**TASK PROMPT:** From the line containing "Kelly Anthony: Homemade tomato soup" to the end of the entries, return every line exactly, both ends included, and add nothing.

**RECORDS PROVIDED:**
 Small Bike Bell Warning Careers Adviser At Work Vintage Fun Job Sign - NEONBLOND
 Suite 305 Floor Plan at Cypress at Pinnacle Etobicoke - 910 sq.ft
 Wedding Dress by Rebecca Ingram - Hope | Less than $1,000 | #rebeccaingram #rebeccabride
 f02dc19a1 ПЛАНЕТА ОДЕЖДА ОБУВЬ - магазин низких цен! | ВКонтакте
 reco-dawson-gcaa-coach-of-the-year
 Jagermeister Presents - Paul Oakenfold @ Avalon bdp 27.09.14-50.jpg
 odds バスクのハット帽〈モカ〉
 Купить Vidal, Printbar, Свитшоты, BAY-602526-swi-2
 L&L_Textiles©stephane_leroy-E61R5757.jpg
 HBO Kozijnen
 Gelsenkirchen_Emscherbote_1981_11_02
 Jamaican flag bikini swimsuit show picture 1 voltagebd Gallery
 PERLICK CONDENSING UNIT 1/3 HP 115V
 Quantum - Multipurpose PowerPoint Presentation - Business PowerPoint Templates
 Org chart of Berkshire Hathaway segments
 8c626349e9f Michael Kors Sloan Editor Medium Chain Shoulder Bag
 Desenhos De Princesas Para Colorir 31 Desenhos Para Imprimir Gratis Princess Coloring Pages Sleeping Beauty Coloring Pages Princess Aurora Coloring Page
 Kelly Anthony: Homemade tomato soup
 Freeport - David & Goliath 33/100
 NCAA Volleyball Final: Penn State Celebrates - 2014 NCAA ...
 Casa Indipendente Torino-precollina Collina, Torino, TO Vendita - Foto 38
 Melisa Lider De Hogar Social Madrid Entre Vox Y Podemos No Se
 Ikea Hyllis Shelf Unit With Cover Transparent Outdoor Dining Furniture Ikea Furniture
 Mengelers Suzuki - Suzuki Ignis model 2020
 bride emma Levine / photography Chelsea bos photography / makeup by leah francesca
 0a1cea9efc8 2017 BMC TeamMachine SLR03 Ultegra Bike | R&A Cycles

**RESULT FOR THIS EXERCISE:**
 Kelly Anthony: Homemade tomato soup
 Freeport - David & Goliath 33/100
 NCAA Volleyball Final: Penn State Celebrates - 2014 NCAA ...
 Casa Indipendente Torino-precollina Collina, Torino, TO Vendita - Foto 38
 Melisa Lider De Hogar Social Madrid Entre Vox Y Podemos No Se
 Ikea Hyllis Shelf Unit With Cover Transparent Outdoor Dining Furniture Ikea Furniture
 Mengelers Suzuki - Suzuki Ignis model 2020
 bride emma Levine / photography Chelsea bos photography / makeup by leah francesca
 0a1cea9efc8 2017 BMC TeamMachine SLR03 Ultegra Bike | R&A Cycles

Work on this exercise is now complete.